Advanced MPI scheduling
This is not a complete article: This is a draft, a work in progress that is intended to be published into an article, which may or may not be ready for inclusion in the main wiki. It should not necessarily be considered factual or authoritative.
Most users should submit MPI or distributed memory parallel jobs following the example
given at Running jobs. Simply request a number of
processes with --ntasks
or -n
and trust the scheduler
to allocate those processes in a way that balances the efficiency of your job
with the overall efficiency of the cluster.
If you want more control over how your job is allocated, then SchedMD's
page on multicore support is a good
place to begin. It describes how many of the options to the
sbatch
command interact to constrain the placement of processes.
You may find this discussion of What exactly is considered a CPU? in SLURM to be useful.
Examples of common MPI scenarios[edit]
--ntasks=15 --mem-per-cpu=3G srun application.exe
This will run 15 MPI processes. The cores could be allocated anywhere in the cluster. Since we don’t know a priori how many cores will reside on each node, if we want to specify memory, it should be done by per-cpu.
If for some reason we need all cores in a single node (to avoid communication overhead, for example), then
--nodes=1 --tasks-per-node=15 --mem=45G srun application.exe
will give us what we need. In this case we could also say --mem-per-cpu=3G
. The main difference is that with --mem-per-cpu=3G
, the job will be canceled if any of the processes exceeds 3GB, while with --mem=45G
, the memory consumed by each individual process doesn't matter, as long as all of them together don’t use more than 45GB.
Hybrid jobs: MPI and OpenMP, or MPI and threads[edit]
To come
MPI and GPUs[edit]
To come
Troubleshooting and performance monitoring[edit]
To come
Why srun instead of mpiexec or mpirun?[edit]
mpirun
is a wrapper that enables communication between processes running on different machines.

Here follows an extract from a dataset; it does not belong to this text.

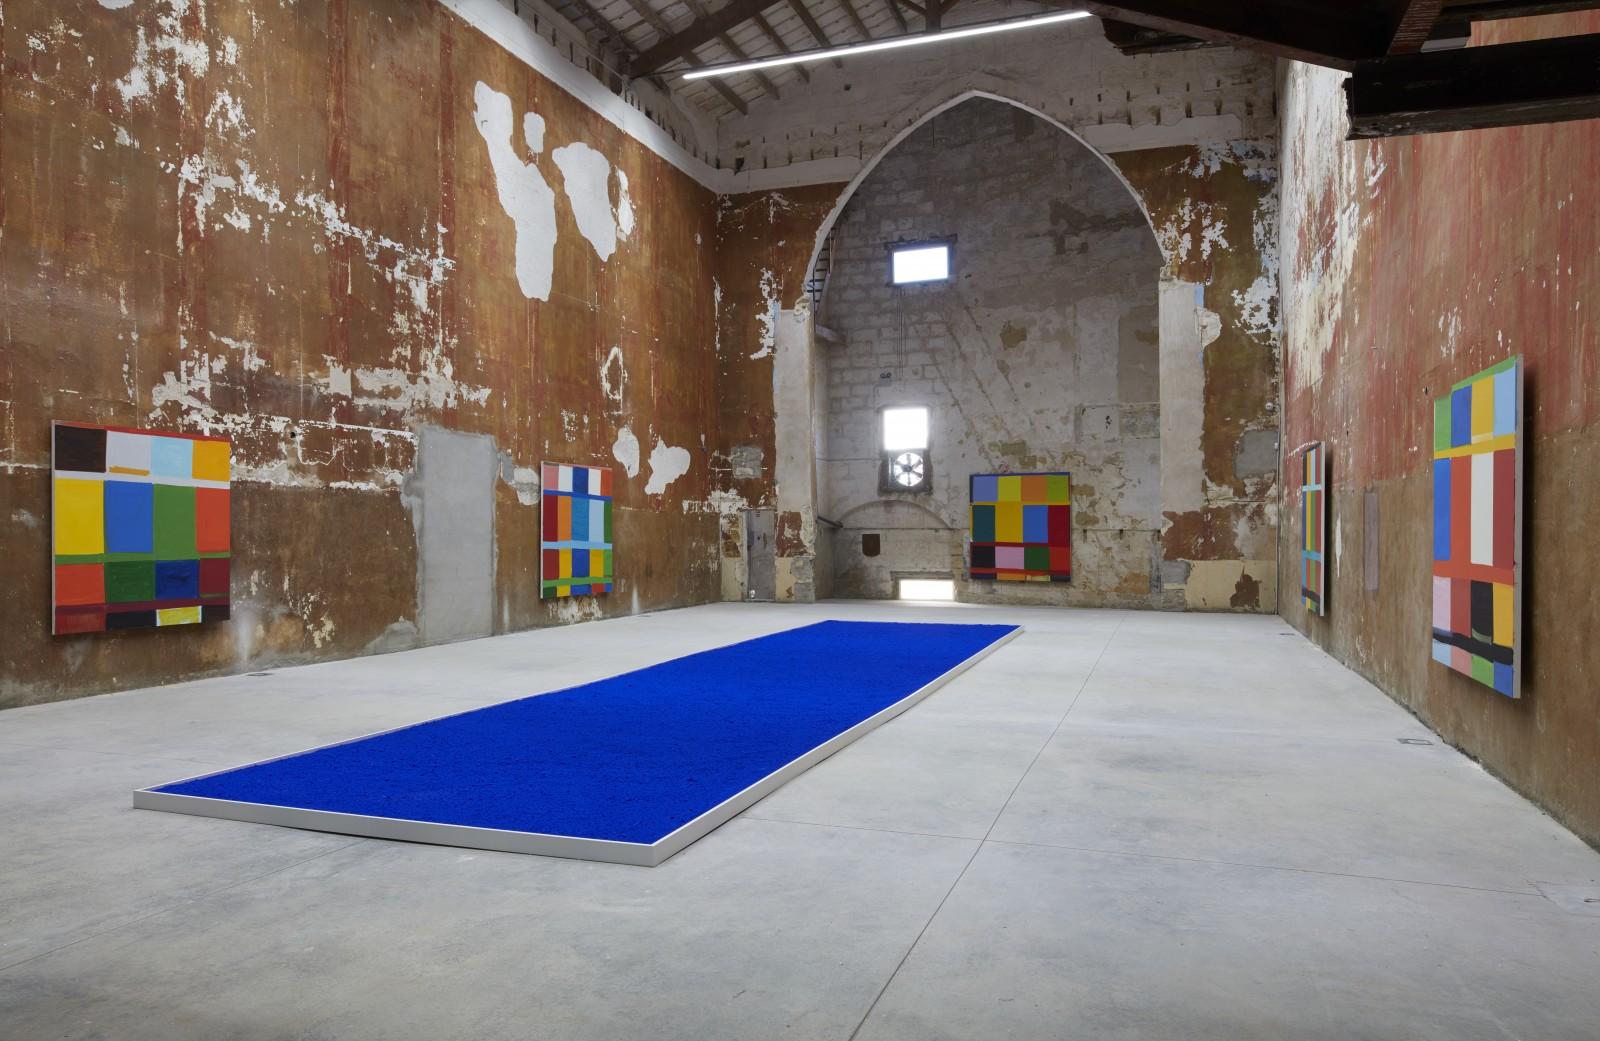 Vue de l'installation de pigment pur, Galeria Cayon, Minorque, 2019
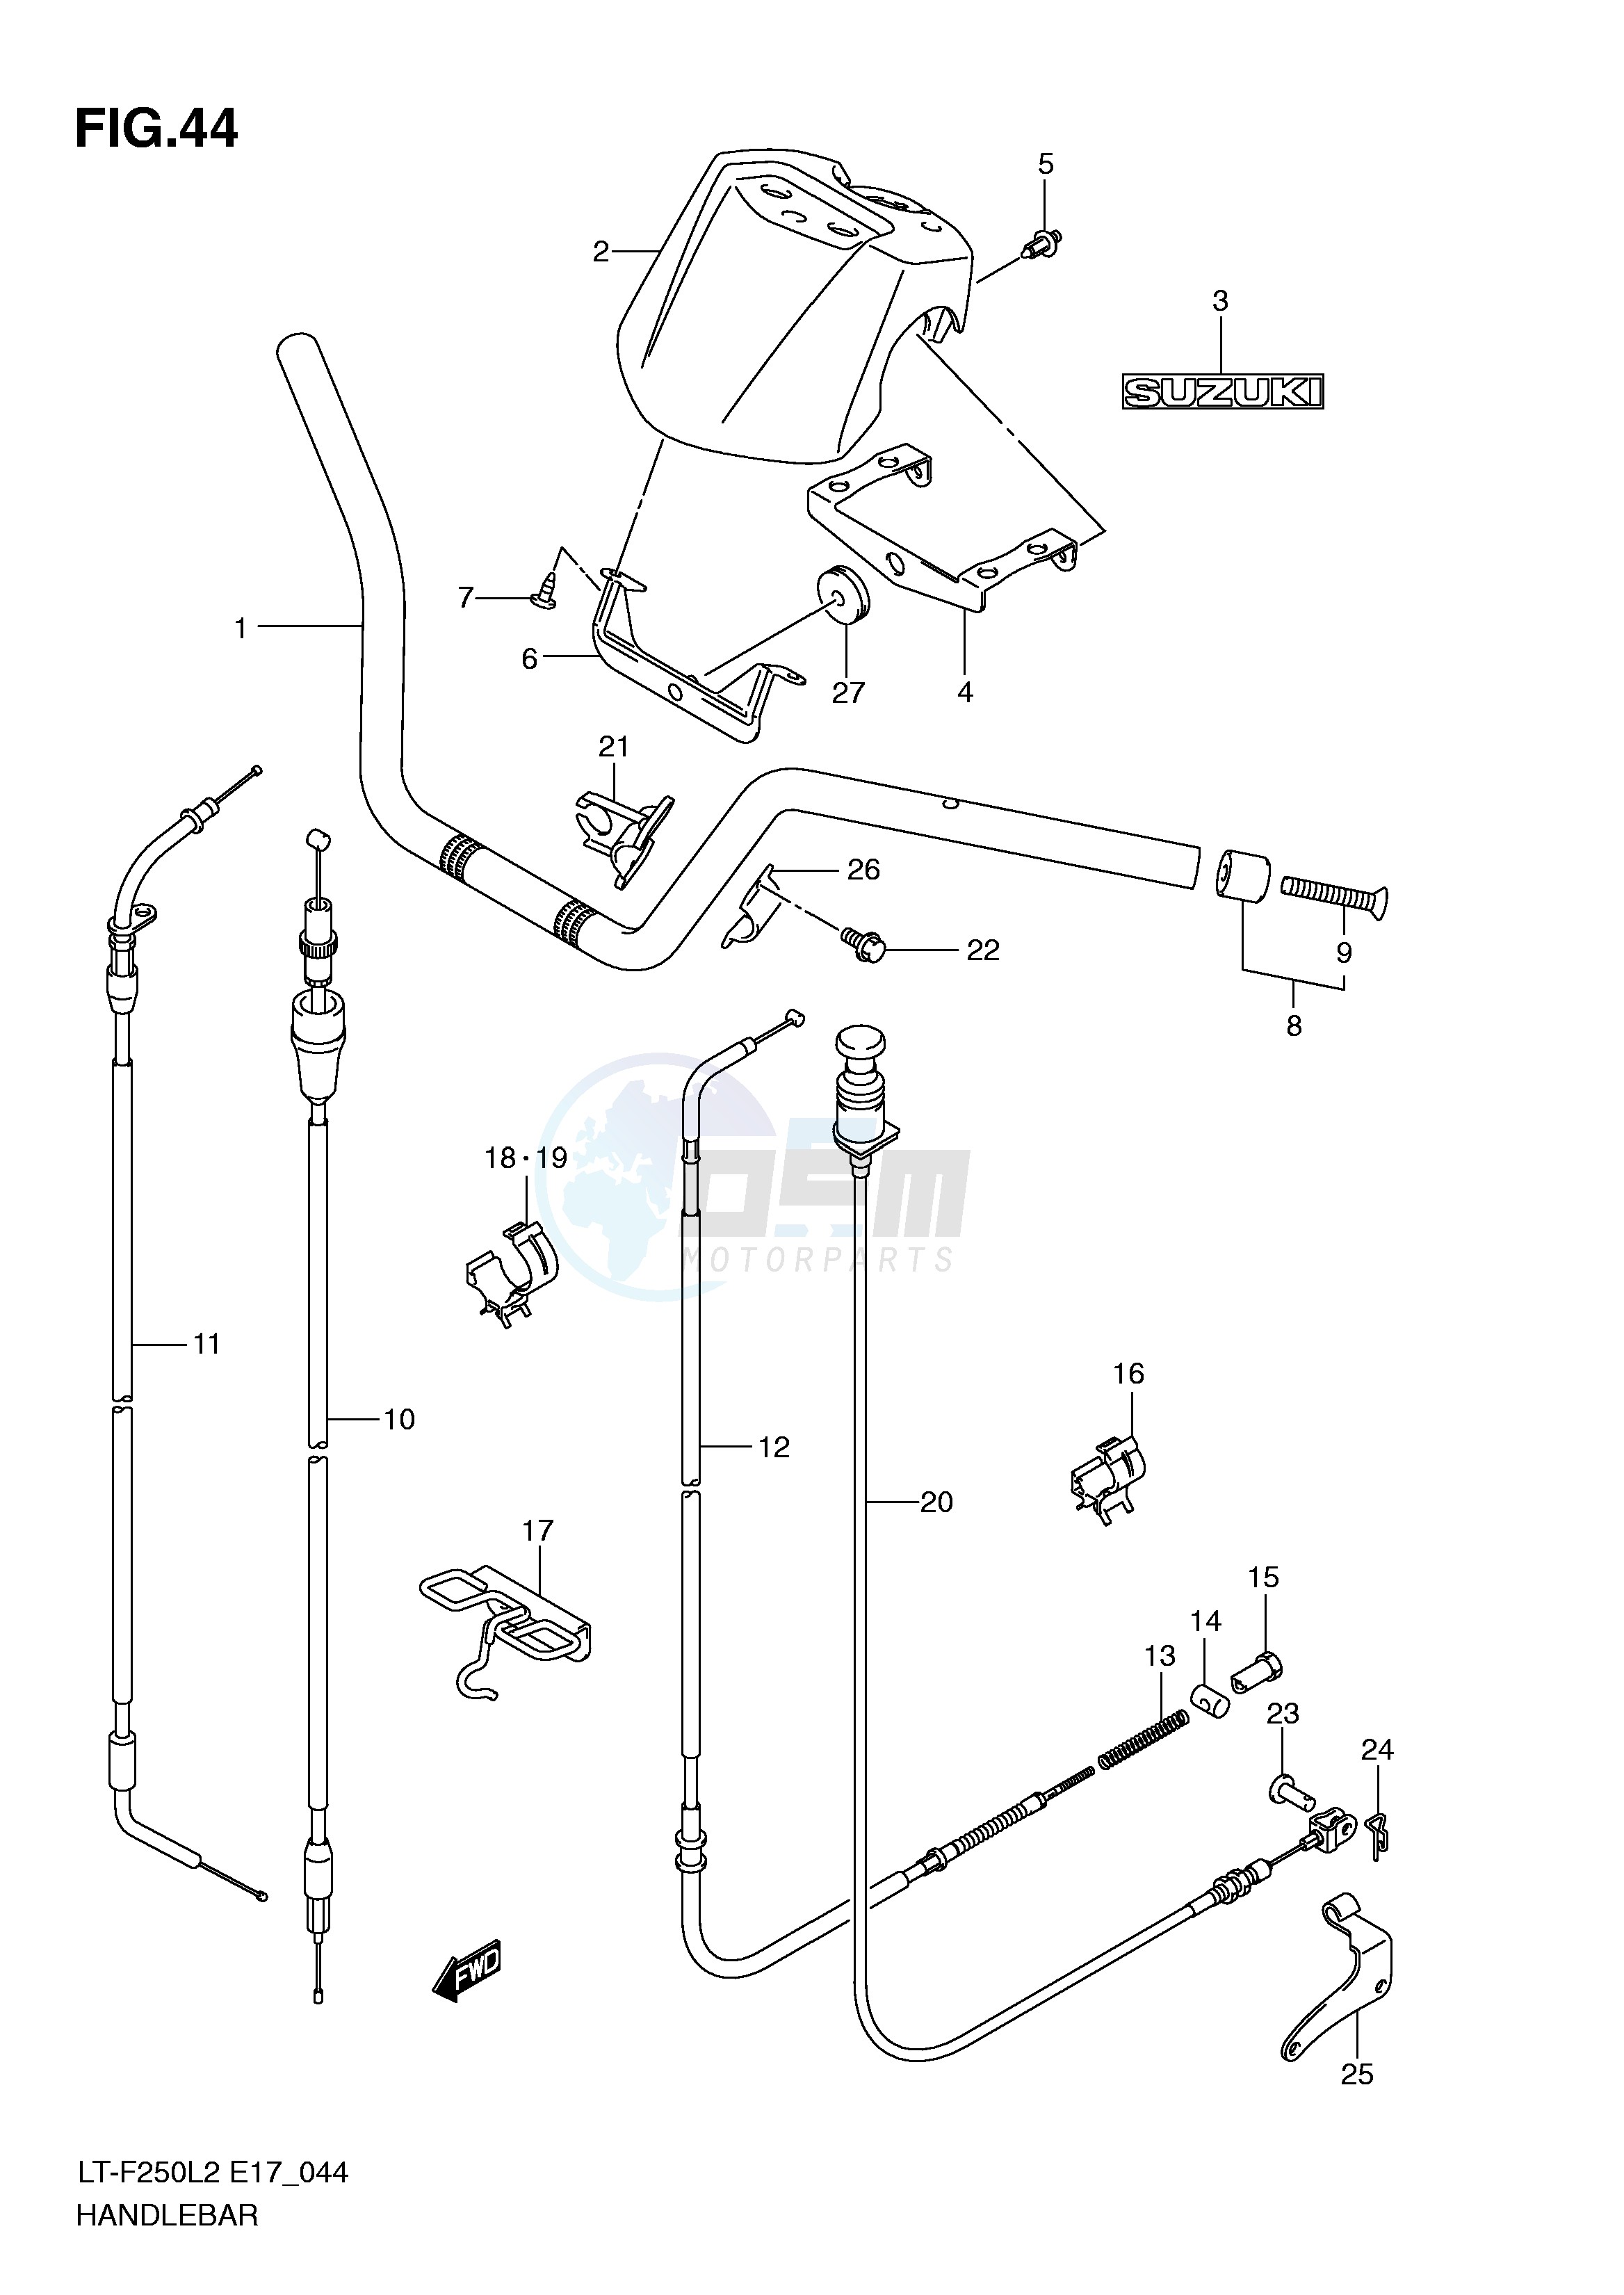 HANDLE BAR (LT-F250L2 E24) blueprint

Modern schedulers already provide many things that mpirun
needs. With Torque/Moab, for example, there is no need to pass to mpirun
the list of nodes on which to run, or the number of processes to launch; this is done automatically by the scheduler. With Slurm, the task affinity is also resolved by the scheduler, so there is no need to specify things like
mpirun --map-by node:pe=4 -n 16 application.exe
As implied in the examples above, srun application.exe
will automatically distribute the processes to precisely the resources allocated to the job.
In programming terminology, srun
is higher level of abstraction than mpirun
. Anything that can be done with mpirun
can be done with srun
, and more. It is the tool in Slurm to distribute any kind of computations. It replaces Torque’s pbsdsh
, for example, and much more. Think of srun
as the SLURM "all-around parallel-tasks distributor"; once a particular set of resources is allocated, the nature of your application doesn't matter (MPI, OpenMP, hybrid, serial farming, pipelining, multi-program, etc.), you just have to srun
it
Also, as you would expect, srun
is fully coupled to Slurm. When you srun
an application, a "job step" is started, the environment variables SLURM_STEP_ID
and SLURM_PROCID
are initialized correctly, and correct accounting information is recorded.